### Required work
Give back only the lines in the records below from the one with "Does Surgical Fragmentation" to the one with "The image shows", both inclusive, word for word.

### Data for processing
──────

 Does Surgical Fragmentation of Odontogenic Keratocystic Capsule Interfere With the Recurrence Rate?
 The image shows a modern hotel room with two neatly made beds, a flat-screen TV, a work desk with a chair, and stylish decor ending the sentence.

──────

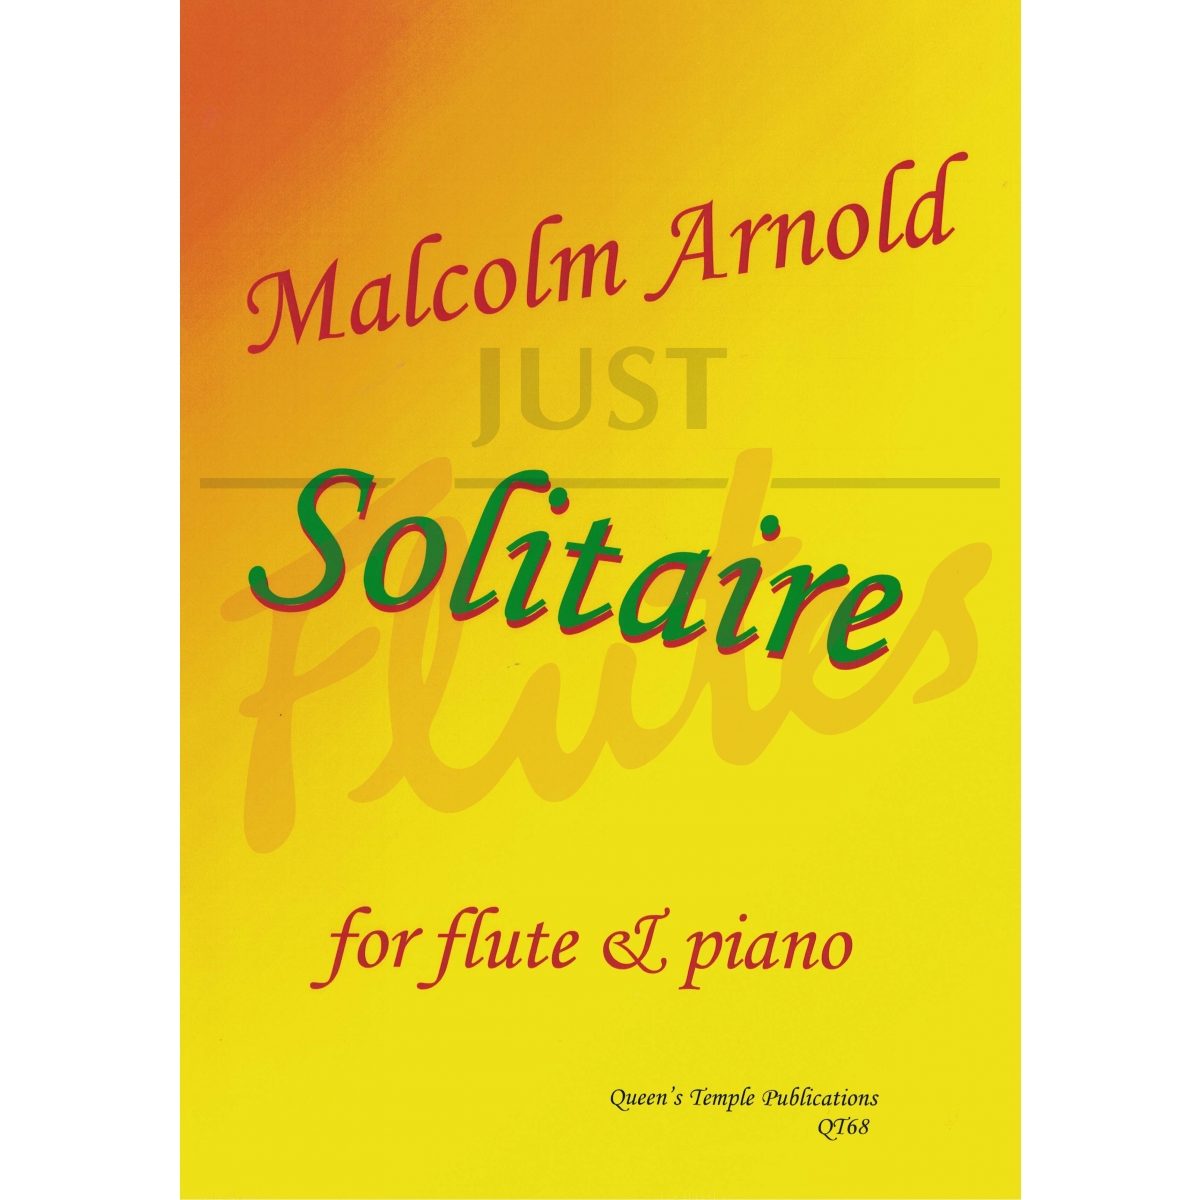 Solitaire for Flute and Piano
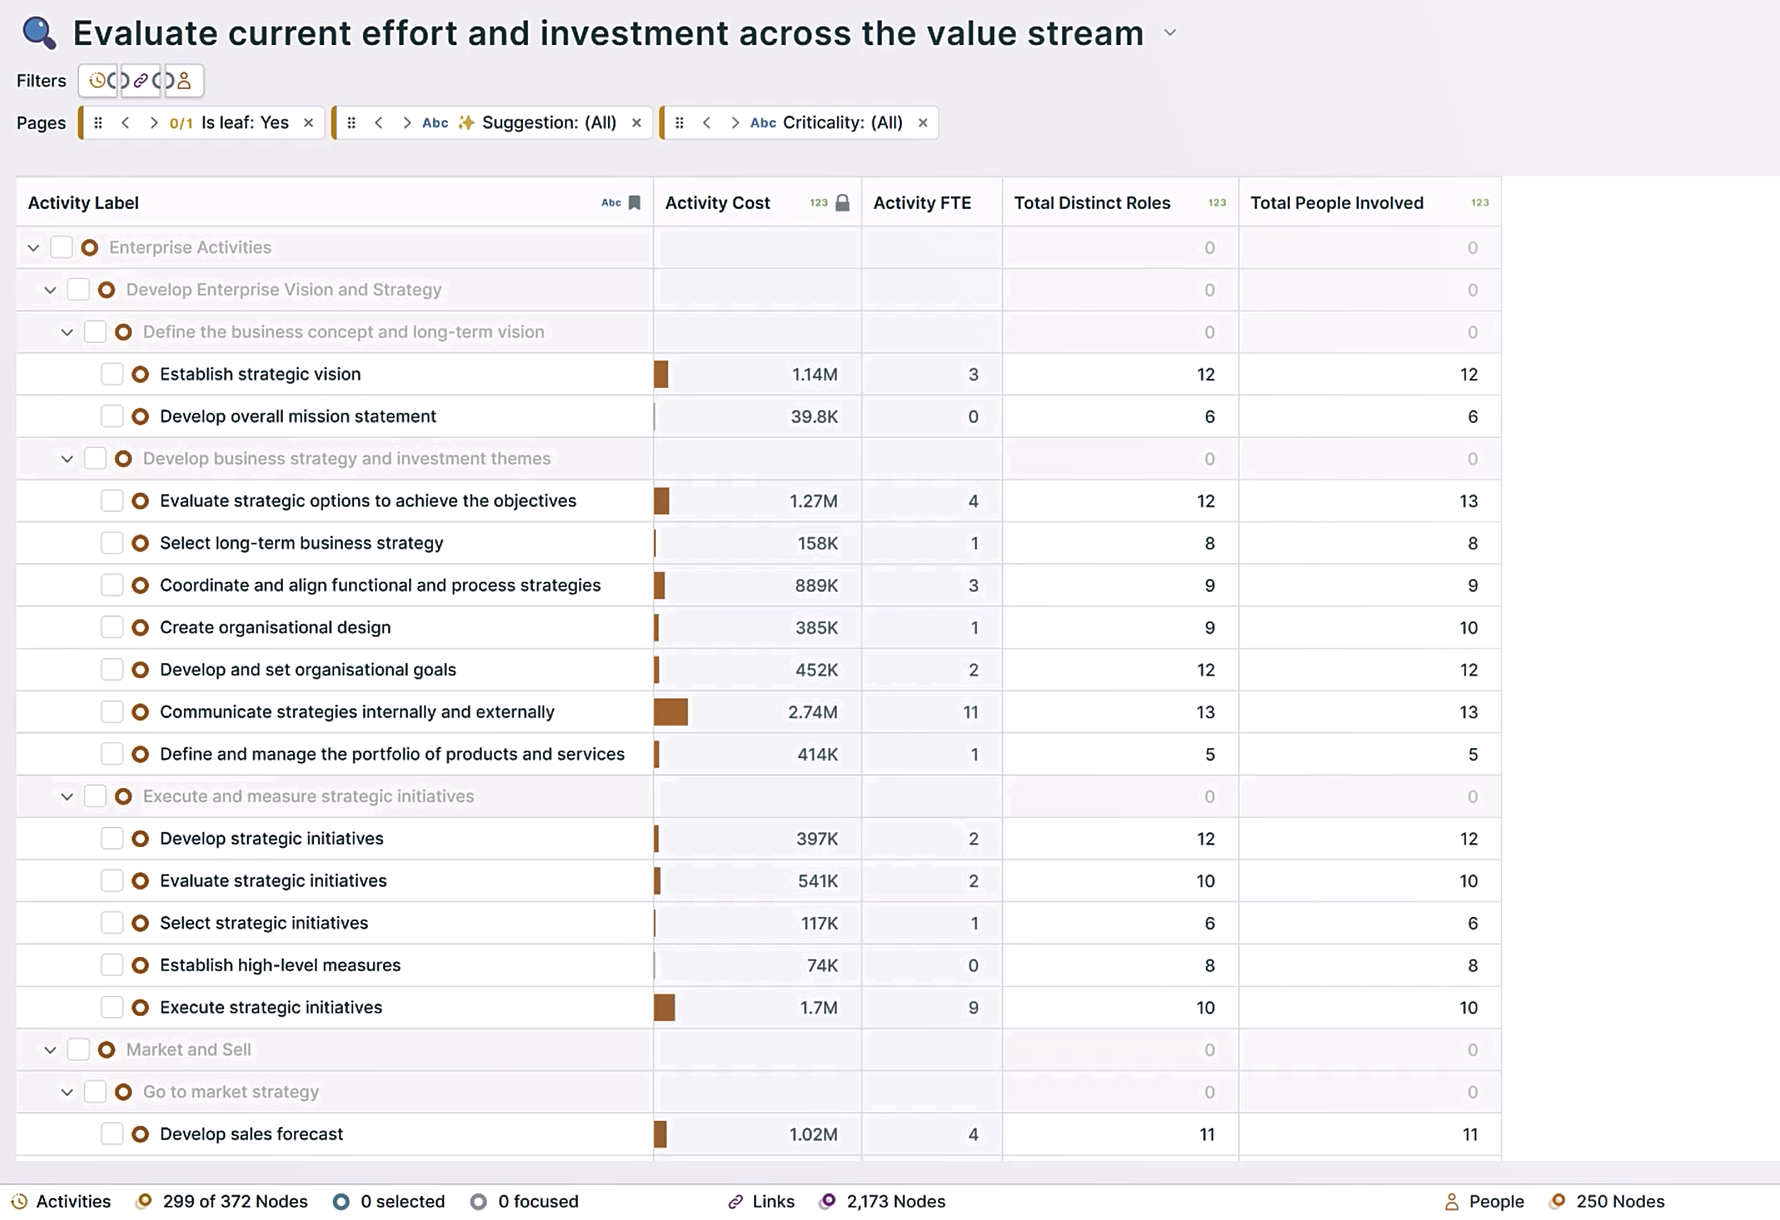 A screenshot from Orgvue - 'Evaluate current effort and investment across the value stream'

──────

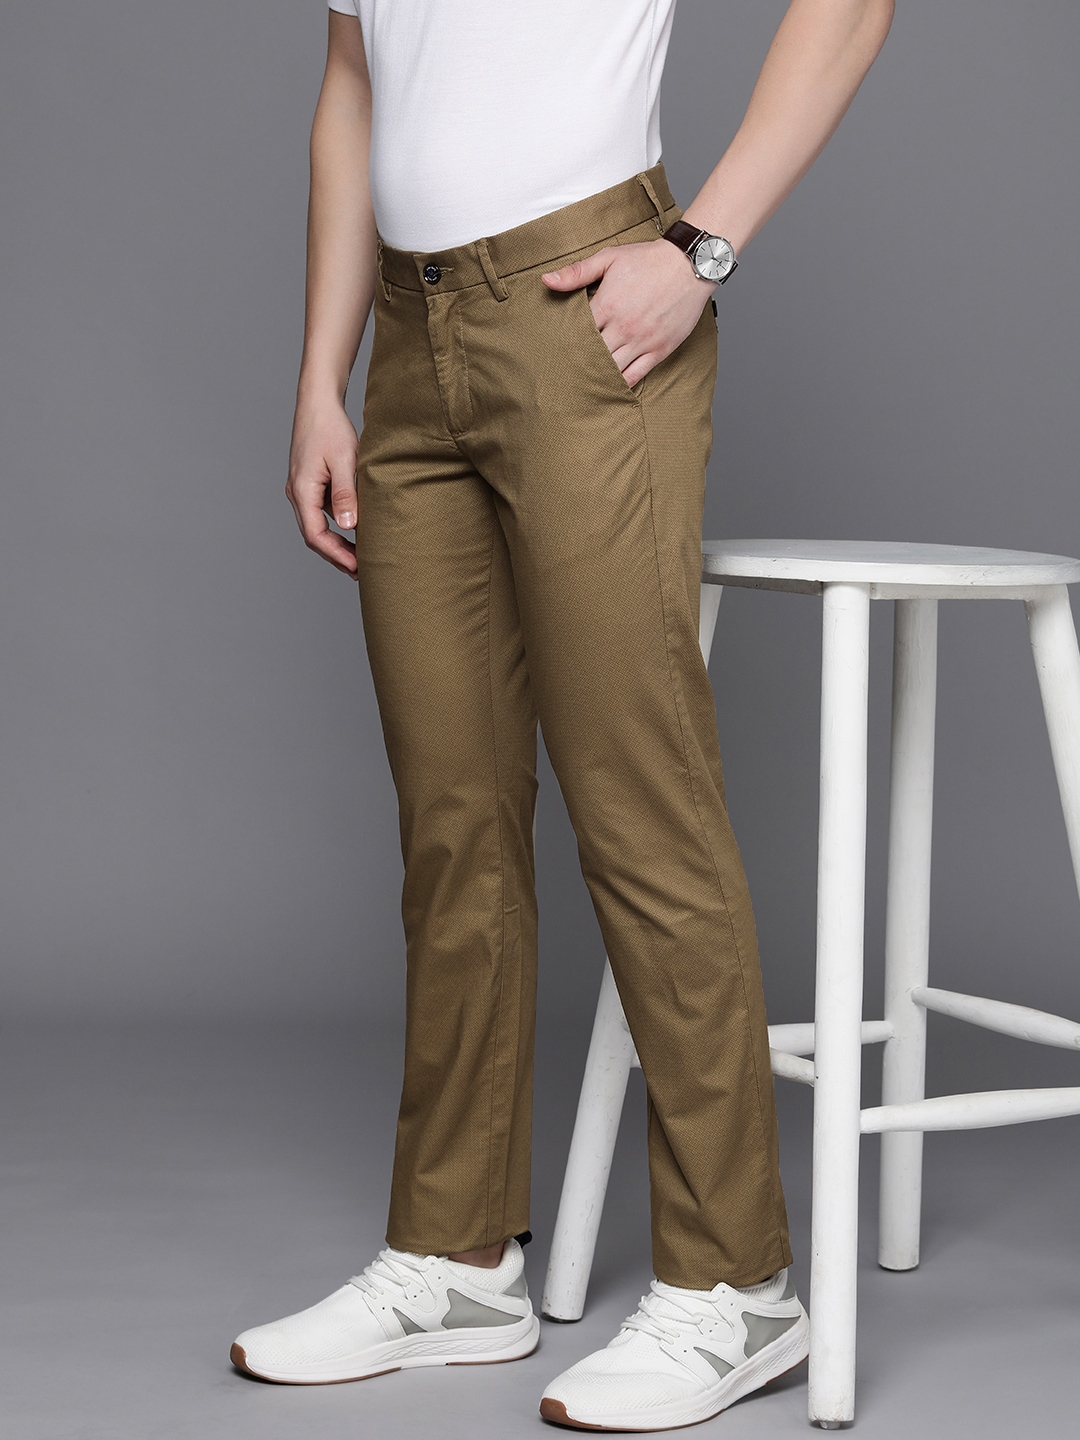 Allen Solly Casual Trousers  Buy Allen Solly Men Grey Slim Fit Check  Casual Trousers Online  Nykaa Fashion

──────

### Answer space
 Does Surgical Fragmentation of Odontogenic Keratocystic Capsule Interfere With the Recurrence Rate?
 The image shows a modern hotel room with two neatly made beds, a flat-screen TV, a work desk with a chair, and stylish decor ending the sentence.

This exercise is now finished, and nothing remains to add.